Right now, the most popular frameworks for distributed actor systems are probably Erlang, Elixir, Akka, and Orleans. They all have automatic garbage collection for passive data, like records and objects. But, interestingly, none of them provide GC for the actors themselves. So programmers have to garbage collect actors manually, which as you can imagine is a significant source of bugs.

The issue is that ordinary GC techniques for a language like Java don’t work for actors. Although plenty of actor GC algorithms have been proposed, I would argue that none of them scale well enough on clusters to make them a viable choice. I’ll talk more about that a bit later, but first we should review how actors work and introduce some terminology.

As you can see in the legend there, we denote actors as circles and messages as dashed arrows. Here we have an actor with an undelivered message .

Initially an actor is idle, meaning it’s waiting for a message. Once an idle actor receives a message, it becomes busy (denoted by the orange square). A busy actor can then do a number of actions, for example spawning new actors. Notice that this gives the parent a reference to the child, which allows it to send asynchronous messages. These messages can contain ordinary data like this “hello” text, but they can also contain references. Here the parent is sending B a reference to A, and B receives it.

Note that a reference is just an address, not a channel. So in general, actors don’t know who has their address; to do that would require some synchronization.

Busy actors can also update their state. This can mean, for example, removing references from their local state. Notice that the parent can forget a reference before the message is even delivered!

Finally, most popular actor languages allow actors to perform some kind of effect, like writing to a file. Once an busy actor has done everything it wants to do, it can become idle again, ready to receive another message.

One last piece of terminology I want to introduce is the concept of an unblocked actor. That just means that either the actor is busy now or it has an undelivered message, meaning it will be busy at some point in the future. In this configuration, the unblocked actors are A and B, highlighted in blue.
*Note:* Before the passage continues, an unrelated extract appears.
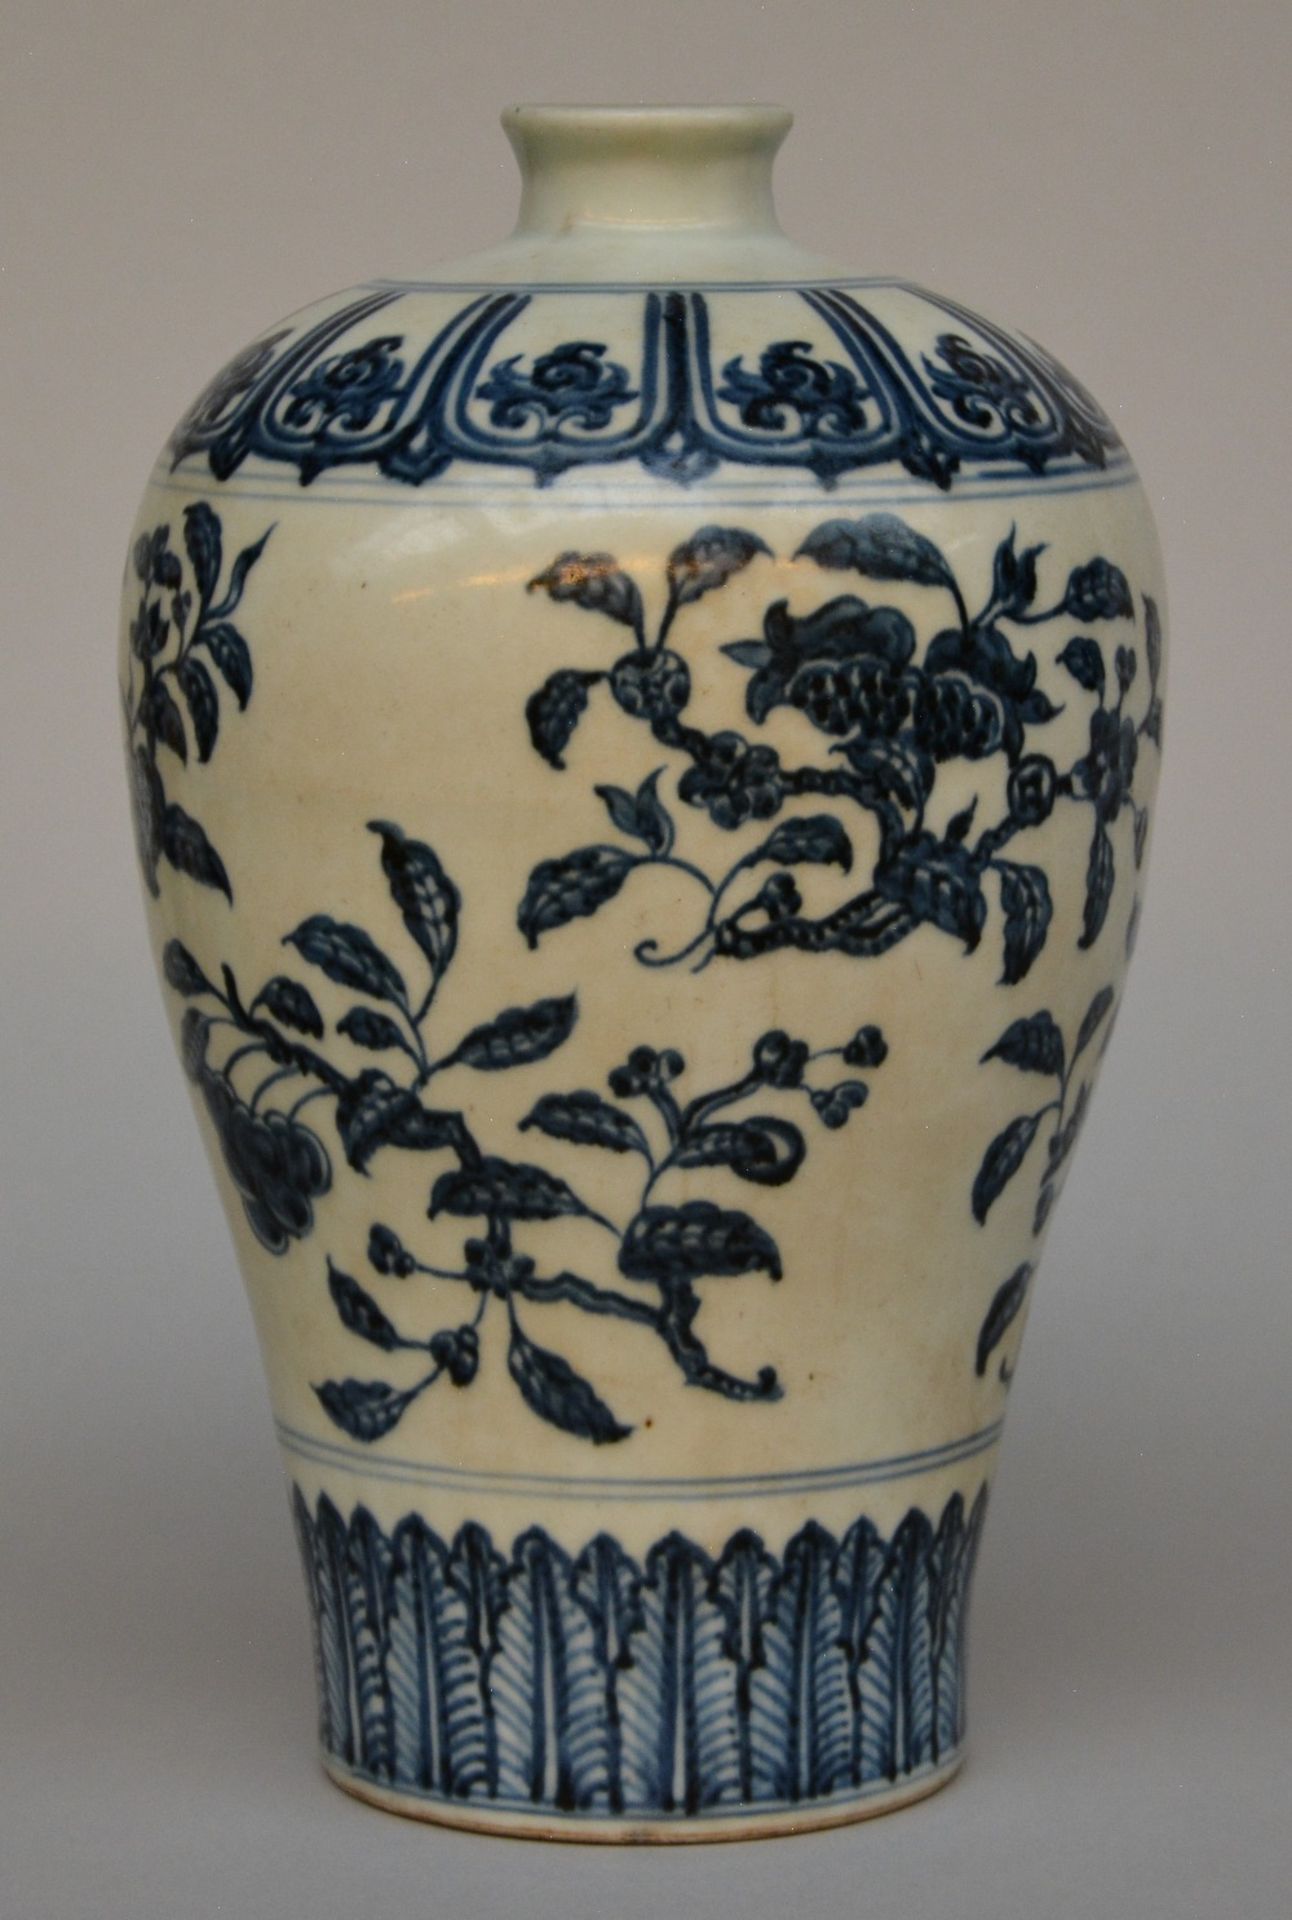 A Chinese blue and white decorated Meiping vase with floral decoration, probably 17thC, H 28,5 cm ( - Bild 2 aus 6

So what does it mean for an actor to be garbage? The standard definition is that garbage actors can be destroyed without affecting the system's observable behavior. But garbage collectors usually don’t have access to an actor’s internal code, so we are forced to be a bit conservative:

If there’s any possibility for an actor to become unblocked, then it’s not safe to garbage collect it. This is because when the actor becomes busy, it might perform effects like writing to a log file.

Instead, we want actors that we can prove will remain blocked forever. That is, they're idle and will never receive a message. For historical reasons, we call these actors "terminated" but honestly at this point I wish we'd picked a different name for them. Anyway, clearly these actors will never be used, so it's safe to garbage collect them.

That’s all well and good, but how do you know when an actor is terminated? Let's look at a few examples.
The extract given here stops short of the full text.